The second is that access to digital has been a much hotter topic in Australia than the UK. The National Broadband Network became a national issue in the run up to the 2013 election, and is still controversial in parliament.

Third, and perhaps most significant, is that word: Federal. In Australia, more of the government's "retail" activity is devolved to the 8 states and territories. Drivers' licences are one example: there are 8 different organisations doing the work that we handle centrally in the UK.

In Australia, devolution of service delivery, whether online or offline, is widespread. The natural result of that is that government departments have become much more autonomous in their approaches to technology and service delivery.

Perhaps that's why our use of a Reform team made a big impression. The big picture of how we spend money on technology across the whole of government has let us rationalise, save money, and use (or prepare to use) cloud-based services which cost less.

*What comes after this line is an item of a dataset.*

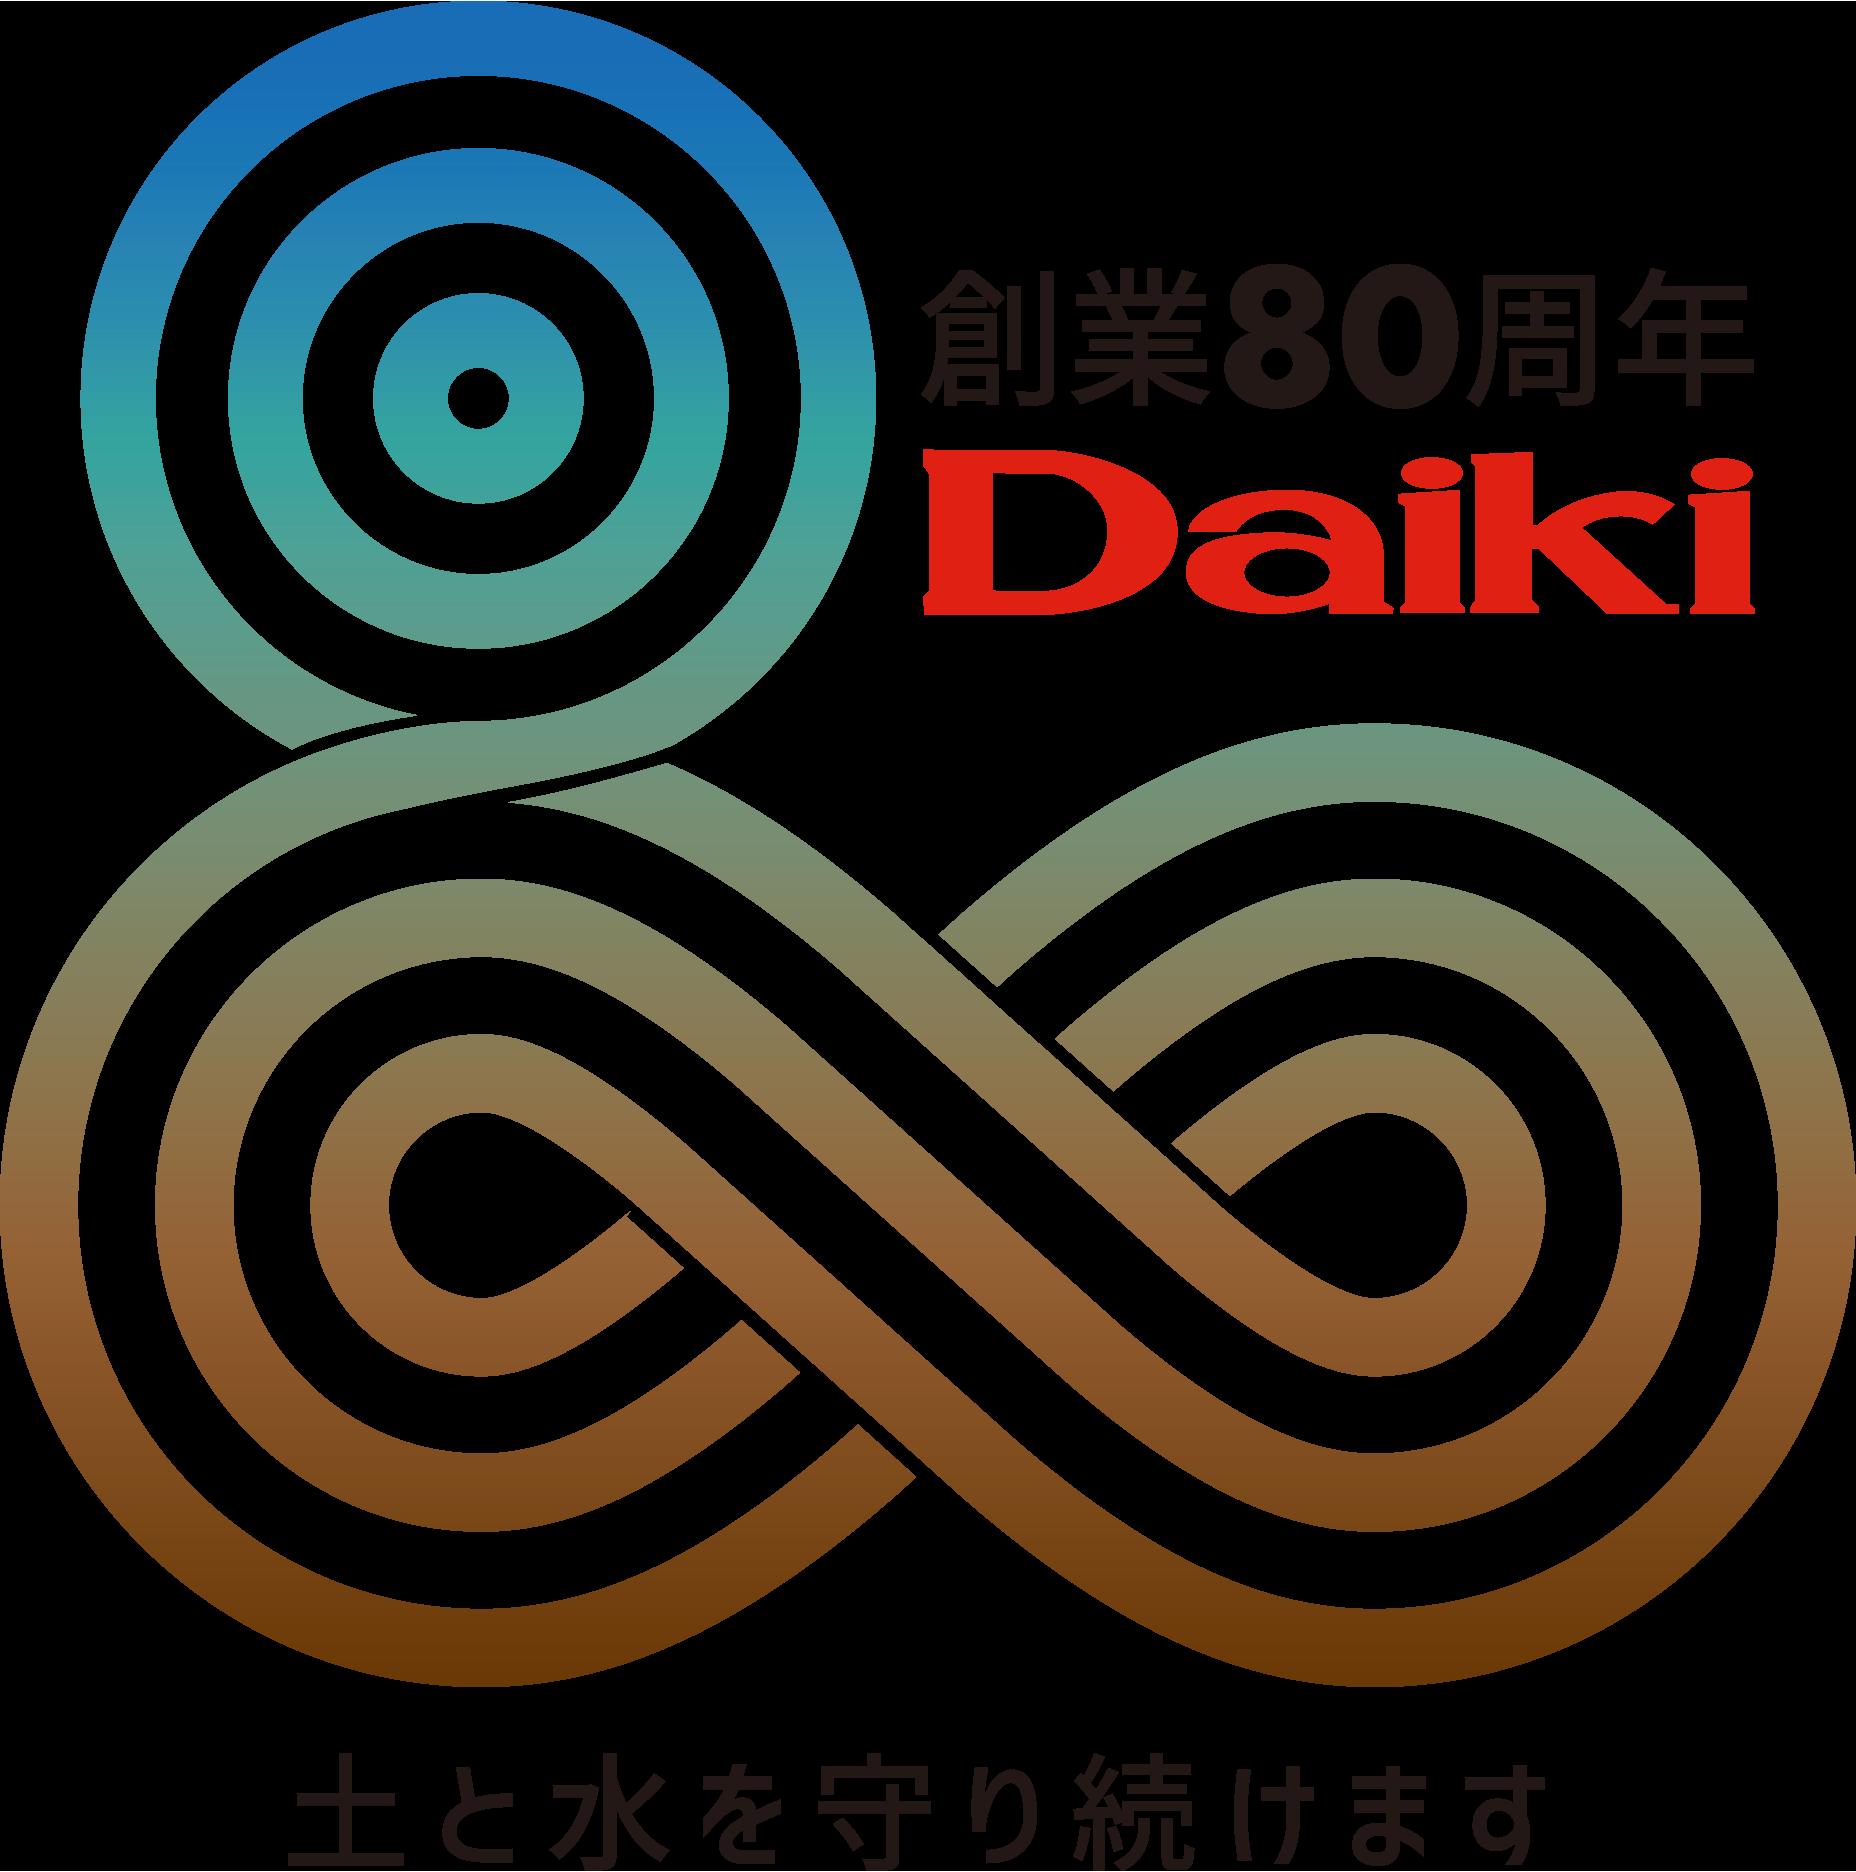 Daiki Rika Kogyo Co., Ltd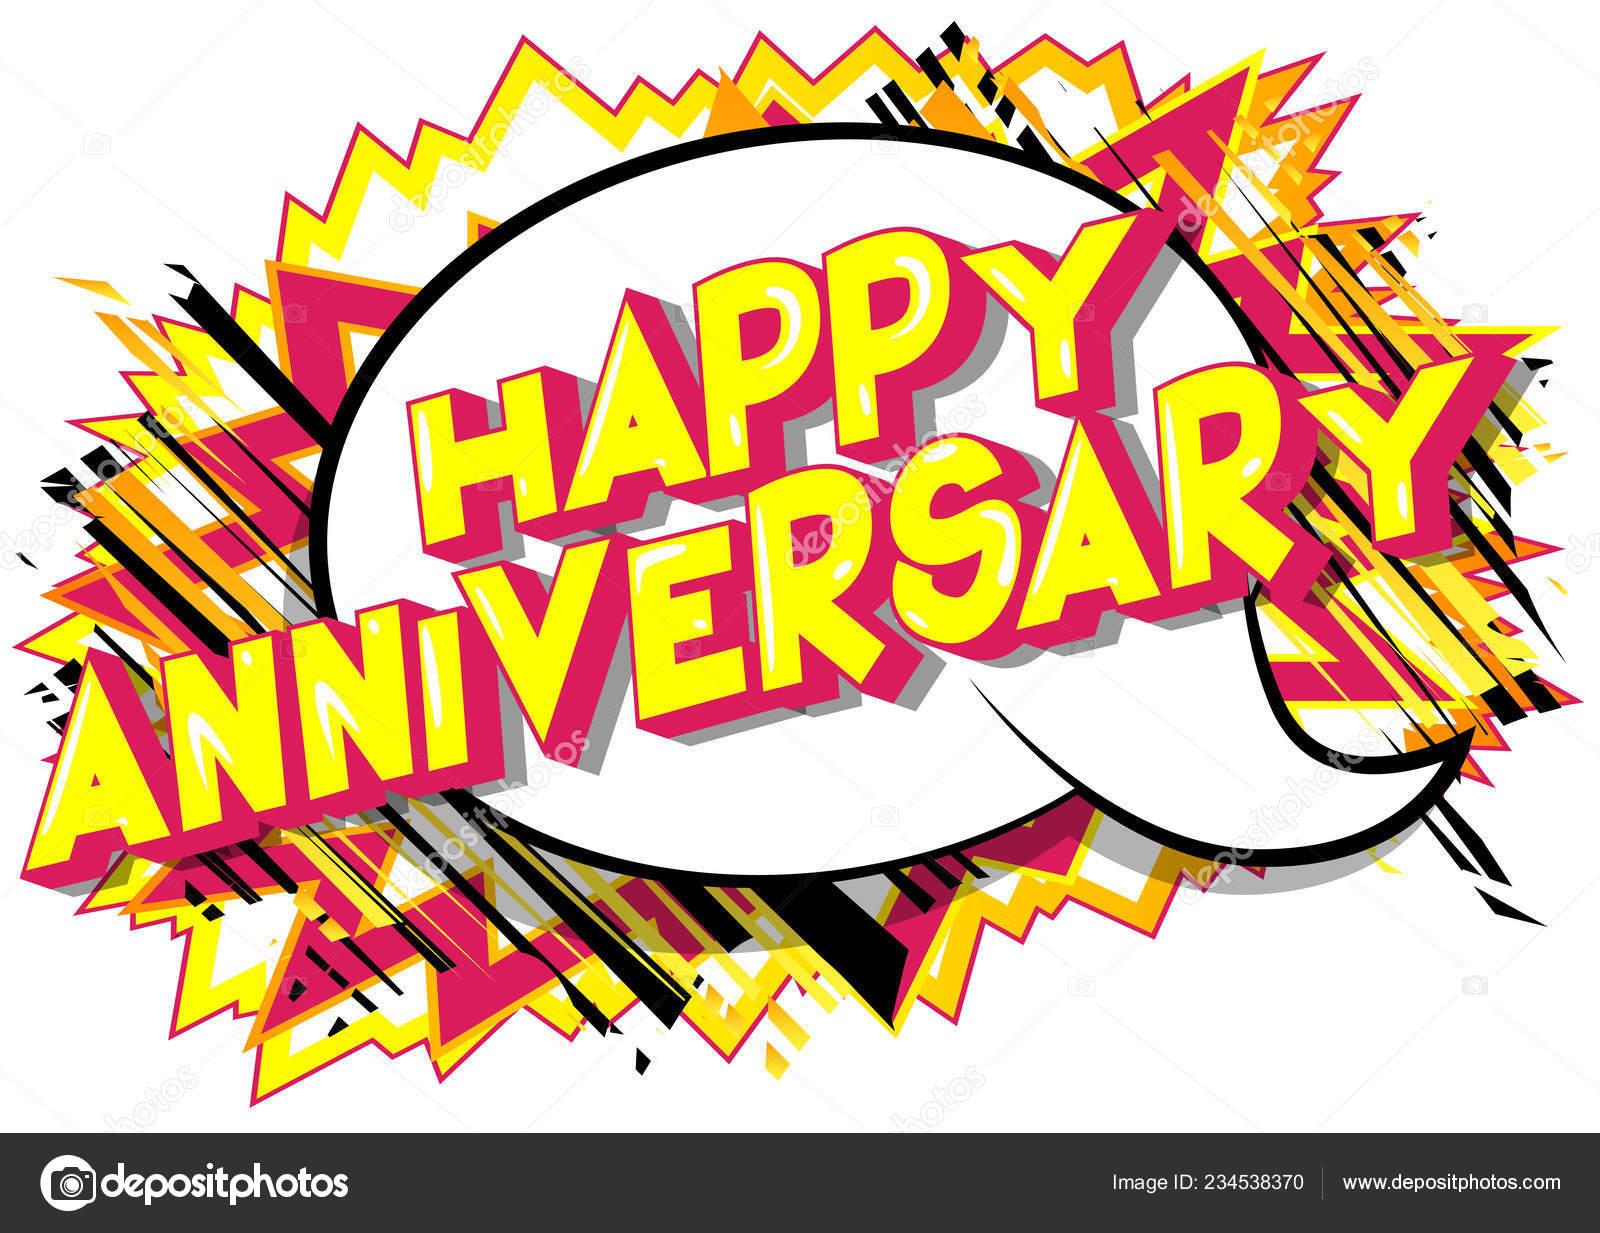 Feliz Aniversario Frase Estilo Ilustrado Libro Historietas

The use of a common platform for government technology services – from networking to desktop and collaboration – is a great opportunity for both governments. Our approach, with much closer peer review of major technology spending, found a good deal of support on "the hill", as Parliament House in Canberra is called.

And digital?

Our colleagues in Australia were absolutely clear: digital is not only about technology, but also identity, user research, service design and writing clearly. These points resonated loudly with the senior officials we met.

That last point – writing clearly – is worth emphasising. Clear language is a linchpin of GOV.UK, and the style guide we showed became a must-have link for ministers. It's clearly something they feel strongly about.

Awareness also struck a chord – awareness through data. Our performance platform is one of our most powerful tools. It gives us the information to design and build services at the right scale. It gives service managers the data to see what works, and make design decisions accordingly. We can see if a transaction is failing, if user satisfaction is changing or if we've made things too complex.

In 2011 we only had access to performance data for a few services. Today we have 18 detailed service dashboards, but that number will continue to grow because the platform is the keystone of our digital service provision.

But what made the largest impression? GOV.UK. A single platform designed to mind the needs of users. This video proved the clearest description of our approach. How do we meet the needs of the user? That's the most important question of all.

What became clear to us was how useful and effective it had been for GDS to be the digital centre of government. This was one of the core recommendations of Martha Lane Fox's report in 2010, and perhaps the most specific.

We're looking forward to continuing the conversation with the Australian government.